--- Activity ---
Your task is to repeat the entries exactly from their first line through the line with "HP Q3677A 220V", and to stop there.

(Data excerpts)
BEGIN

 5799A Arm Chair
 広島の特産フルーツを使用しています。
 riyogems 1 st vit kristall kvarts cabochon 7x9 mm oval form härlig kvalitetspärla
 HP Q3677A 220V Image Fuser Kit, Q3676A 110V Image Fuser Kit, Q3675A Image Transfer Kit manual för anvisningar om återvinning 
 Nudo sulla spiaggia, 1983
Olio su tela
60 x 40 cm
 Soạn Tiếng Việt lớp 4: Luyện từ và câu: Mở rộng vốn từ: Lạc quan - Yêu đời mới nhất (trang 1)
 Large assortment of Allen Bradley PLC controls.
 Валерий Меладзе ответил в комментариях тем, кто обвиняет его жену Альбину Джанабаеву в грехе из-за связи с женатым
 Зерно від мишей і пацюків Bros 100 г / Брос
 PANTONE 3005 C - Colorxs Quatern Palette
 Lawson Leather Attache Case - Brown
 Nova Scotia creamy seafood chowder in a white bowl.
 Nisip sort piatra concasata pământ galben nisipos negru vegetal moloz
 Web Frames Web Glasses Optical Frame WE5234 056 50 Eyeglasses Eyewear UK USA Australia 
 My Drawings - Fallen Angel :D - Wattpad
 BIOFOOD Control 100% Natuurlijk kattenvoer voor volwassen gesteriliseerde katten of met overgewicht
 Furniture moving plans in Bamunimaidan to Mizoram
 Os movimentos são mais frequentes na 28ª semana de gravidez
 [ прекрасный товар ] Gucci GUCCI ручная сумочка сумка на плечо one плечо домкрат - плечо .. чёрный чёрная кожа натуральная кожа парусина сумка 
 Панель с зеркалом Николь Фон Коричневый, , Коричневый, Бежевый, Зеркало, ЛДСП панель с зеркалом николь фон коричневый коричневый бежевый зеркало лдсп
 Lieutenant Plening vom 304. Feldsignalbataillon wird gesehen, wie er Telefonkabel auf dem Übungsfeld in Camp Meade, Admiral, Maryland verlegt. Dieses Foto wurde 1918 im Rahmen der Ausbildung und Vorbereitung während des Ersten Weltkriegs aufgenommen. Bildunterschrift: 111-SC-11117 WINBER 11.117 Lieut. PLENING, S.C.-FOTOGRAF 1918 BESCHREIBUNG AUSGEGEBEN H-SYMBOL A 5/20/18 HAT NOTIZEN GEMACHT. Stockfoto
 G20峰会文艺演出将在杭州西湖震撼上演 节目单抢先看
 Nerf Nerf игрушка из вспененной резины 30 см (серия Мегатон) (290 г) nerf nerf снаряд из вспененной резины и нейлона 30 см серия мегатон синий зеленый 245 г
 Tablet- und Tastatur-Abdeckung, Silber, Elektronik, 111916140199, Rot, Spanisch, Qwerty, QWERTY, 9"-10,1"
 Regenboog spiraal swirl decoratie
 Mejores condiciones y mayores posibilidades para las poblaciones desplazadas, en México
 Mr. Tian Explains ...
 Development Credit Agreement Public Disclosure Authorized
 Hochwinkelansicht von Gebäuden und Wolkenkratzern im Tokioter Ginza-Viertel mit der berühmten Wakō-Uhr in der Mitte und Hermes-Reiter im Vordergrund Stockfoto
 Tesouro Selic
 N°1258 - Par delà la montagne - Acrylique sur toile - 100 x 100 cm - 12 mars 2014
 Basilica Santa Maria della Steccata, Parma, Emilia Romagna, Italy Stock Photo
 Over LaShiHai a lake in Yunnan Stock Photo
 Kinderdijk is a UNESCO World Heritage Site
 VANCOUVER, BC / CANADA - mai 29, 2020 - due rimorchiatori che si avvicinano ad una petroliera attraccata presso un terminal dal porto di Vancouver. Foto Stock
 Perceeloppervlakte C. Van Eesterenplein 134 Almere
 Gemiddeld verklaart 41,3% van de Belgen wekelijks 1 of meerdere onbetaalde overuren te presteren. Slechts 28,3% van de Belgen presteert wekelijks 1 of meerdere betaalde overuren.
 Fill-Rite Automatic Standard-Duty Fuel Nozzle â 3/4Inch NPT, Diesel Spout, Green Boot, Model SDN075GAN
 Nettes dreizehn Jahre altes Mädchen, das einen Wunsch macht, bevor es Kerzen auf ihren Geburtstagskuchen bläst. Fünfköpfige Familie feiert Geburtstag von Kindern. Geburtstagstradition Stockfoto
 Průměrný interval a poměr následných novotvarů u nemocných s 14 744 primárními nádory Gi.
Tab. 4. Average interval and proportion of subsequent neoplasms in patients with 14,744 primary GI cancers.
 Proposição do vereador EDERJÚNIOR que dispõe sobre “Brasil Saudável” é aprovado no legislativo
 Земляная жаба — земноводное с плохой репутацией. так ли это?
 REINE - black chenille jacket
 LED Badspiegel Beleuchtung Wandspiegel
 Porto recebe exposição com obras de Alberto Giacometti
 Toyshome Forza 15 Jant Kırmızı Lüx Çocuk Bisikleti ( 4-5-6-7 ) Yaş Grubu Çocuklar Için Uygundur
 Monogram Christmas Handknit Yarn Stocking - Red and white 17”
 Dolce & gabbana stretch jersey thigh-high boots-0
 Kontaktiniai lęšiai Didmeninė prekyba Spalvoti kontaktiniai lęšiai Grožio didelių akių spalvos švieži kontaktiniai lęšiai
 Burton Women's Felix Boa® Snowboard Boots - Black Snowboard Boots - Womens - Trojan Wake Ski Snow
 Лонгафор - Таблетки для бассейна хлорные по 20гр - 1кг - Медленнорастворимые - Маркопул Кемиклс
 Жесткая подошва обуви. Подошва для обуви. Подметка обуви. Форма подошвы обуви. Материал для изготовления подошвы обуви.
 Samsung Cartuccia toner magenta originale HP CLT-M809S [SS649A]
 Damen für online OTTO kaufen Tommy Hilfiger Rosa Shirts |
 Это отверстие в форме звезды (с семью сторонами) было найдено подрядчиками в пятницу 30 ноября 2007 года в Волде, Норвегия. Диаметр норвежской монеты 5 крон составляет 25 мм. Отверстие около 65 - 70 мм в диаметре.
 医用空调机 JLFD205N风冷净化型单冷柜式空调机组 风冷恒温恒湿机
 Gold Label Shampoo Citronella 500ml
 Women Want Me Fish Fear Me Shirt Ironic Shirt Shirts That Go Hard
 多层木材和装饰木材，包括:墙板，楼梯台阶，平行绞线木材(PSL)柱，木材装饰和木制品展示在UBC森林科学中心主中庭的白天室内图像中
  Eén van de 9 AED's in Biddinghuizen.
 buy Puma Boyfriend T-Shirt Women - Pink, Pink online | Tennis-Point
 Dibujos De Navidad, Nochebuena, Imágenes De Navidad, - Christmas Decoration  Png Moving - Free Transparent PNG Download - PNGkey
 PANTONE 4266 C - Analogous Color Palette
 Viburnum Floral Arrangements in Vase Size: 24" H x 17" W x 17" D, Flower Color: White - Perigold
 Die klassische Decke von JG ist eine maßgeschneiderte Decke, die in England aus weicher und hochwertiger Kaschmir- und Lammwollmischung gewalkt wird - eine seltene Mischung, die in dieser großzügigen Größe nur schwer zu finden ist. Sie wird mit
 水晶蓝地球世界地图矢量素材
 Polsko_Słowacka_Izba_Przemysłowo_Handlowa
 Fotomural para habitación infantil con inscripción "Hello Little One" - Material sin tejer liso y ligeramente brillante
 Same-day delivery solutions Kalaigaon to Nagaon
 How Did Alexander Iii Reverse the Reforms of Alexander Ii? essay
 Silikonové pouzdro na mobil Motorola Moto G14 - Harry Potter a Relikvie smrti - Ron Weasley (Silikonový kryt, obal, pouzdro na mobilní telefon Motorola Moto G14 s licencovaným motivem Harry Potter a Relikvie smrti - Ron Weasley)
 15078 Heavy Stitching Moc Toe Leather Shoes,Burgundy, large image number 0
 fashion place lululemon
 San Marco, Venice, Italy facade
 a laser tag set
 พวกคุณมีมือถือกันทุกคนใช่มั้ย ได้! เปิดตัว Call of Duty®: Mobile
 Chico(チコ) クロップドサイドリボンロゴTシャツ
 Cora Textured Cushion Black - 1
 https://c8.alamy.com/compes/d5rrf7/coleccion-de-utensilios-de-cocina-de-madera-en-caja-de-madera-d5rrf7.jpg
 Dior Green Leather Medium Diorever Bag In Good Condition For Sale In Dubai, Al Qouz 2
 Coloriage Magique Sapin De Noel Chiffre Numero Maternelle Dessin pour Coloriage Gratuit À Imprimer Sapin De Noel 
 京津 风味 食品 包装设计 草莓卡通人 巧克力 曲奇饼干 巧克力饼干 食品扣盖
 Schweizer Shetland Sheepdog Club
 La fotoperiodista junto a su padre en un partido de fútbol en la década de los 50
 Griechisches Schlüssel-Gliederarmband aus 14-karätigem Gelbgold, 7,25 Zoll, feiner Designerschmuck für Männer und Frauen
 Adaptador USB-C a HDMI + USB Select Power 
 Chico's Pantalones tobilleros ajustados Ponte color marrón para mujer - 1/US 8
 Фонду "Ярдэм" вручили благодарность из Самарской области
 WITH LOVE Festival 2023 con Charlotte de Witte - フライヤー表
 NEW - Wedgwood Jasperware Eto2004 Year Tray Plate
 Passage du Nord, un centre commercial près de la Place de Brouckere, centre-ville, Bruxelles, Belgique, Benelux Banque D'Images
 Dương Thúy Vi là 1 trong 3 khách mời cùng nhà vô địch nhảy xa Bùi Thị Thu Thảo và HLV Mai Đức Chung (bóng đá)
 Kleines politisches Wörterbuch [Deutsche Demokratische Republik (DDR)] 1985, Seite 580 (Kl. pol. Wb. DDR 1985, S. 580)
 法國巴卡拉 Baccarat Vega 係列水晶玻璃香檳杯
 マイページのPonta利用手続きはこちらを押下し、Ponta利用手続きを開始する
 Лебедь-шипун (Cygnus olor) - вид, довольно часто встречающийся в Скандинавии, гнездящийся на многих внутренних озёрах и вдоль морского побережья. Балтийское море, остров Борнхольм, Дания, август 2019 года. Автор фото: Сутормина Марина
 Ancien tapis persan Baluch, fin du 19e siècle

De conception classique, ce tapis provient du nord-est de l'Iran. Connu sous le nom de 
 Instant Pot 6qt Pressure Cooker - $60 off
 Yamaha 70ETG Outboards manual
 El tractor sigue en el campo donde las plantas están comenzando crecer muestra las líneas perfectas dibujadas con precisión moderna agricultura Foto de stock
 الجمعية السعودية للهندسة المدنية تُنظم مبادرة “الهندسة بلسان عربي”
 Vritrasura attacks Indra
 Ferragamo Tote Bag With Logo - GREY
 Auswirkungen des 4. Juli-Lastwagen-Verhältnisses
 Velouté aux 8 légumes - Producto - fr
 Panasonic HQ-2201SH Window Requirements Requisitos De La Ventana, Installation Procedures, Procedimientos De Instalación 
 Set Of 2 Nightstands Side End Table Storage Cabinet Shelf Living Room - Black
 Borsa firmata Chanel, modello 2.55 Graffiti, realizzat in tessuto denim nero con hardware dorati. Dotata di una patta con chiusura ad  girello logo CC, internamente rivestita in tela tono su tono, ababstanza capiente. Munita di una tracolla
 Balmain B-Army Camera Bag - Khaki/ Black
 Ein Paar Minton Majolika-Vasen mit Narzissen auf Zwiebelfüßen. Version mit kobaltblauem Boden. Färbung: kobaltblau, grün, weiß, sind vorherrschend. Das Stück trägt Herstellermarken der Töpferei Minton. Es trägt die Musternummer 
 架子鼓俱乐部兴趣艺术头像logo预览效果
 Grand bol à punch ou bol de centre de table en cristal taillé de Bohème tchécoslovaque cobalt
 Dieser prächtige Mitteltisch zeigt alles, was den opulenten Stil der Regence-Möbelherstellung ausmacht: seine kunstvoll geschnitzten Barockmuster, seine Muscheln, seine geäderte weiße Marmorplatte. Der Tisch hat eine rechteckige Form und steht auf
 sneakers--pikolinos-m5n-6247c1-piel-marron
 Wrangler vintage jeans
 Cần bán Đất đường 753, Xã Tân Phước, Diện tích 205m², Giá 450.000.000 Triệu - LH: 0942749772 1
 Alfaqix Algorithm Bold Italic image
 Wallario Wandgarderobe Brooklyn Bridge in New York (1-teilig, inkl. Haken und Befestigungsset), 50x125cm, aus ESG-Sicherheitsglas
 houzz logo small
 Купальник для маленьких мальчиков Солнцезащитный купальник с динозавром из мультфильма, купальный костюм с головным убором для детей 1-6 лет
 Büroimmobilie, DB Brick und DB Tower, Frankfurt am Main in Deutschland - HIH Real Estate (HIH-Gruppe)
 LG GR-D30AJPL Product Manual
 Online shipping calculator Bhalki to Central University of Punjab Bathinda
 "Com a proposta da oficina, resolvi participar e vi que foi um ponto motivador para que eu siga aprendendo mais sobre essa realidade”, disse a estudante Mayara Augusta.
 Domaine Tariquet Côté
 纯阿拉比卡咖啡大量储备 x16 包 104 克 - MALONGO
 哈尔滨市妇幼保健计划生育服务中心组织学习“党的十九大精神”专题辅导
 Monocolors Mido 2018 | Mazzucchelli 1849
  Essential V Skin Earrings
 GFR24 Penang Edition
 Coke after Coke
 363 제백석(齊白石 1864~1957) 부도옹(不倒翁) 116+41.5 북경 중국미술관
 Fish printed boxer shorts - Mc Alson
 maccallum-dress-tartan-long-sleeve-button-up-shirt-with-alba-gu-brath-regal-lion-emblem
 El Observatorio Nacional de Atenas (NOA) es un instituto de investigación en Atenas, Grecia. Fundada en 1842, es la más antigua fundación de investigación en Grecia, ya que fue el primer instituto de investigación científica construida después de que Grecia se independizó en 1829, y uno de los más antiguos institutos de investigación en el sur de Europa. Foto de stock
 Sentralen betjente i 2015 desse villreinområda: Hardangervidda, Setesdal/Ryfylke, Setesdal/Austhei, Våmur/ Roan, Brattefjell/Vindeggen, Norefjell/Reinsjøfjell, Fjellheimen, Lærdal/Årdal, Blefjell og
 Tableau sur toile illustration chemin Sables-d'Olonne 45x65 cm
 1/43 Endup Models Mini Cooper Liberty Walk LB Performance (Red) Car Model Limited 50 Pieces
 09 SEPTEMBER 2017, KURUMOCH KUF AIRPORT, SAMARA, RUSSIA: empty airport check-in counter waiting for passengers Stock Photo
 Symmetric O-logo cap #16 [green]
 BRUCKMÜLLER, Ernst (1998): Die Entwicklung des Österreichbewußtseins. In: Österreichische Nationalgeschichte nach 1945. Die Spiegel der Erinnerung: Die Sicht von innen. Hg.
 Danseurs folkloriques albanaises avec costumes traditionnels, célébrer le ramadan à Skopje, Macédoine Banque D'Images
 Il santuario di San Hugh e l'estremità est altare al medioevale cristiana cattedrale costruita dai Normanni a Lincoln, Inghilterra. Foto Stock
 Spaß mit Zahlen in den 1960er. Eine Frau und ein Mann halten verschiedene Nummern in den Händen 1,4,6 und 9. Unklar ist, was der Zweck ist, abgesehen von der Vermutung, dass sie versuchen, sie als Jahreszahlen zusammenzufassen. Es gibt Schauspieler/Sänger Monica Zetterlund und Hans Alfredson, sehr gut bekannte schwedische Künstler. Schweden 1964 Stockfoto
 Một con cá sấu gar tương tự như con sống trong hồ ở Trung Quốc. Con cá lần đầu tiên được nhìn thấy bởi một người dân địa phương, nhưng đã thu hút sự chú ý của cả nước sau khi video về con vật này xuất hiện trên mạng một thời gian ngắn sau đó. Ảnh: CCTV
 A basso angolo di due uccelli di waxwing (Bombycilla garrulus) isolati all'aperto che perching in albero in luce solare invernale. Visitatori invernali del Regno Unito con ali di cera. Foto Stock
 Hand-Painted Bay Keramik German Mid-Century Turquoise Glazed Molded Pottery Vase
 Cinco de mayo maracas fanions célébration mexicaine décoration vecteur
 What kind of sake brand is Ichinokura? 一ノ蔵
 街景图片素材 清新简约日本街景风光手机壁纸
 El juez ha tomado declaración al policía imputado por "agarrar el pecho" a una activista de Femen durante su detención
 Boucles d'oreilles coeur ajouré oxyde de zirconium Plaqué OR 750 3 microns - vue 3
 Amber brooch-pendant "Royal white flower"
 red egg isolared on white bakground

END

--- Problem solution ---
 5799A Arm Chair
 広島の特産フルーツを使用しています。
 riyogems 1 st vit kristall kvarts cabochon 7x9 mm oval form härlig kvalitetspärla
 HP Q3677A 220V Image Fuser Kit, Q3676A 110V Image Fuser Kit, Q3675A Image Transfer Kit manual för anvisningar om återvinning 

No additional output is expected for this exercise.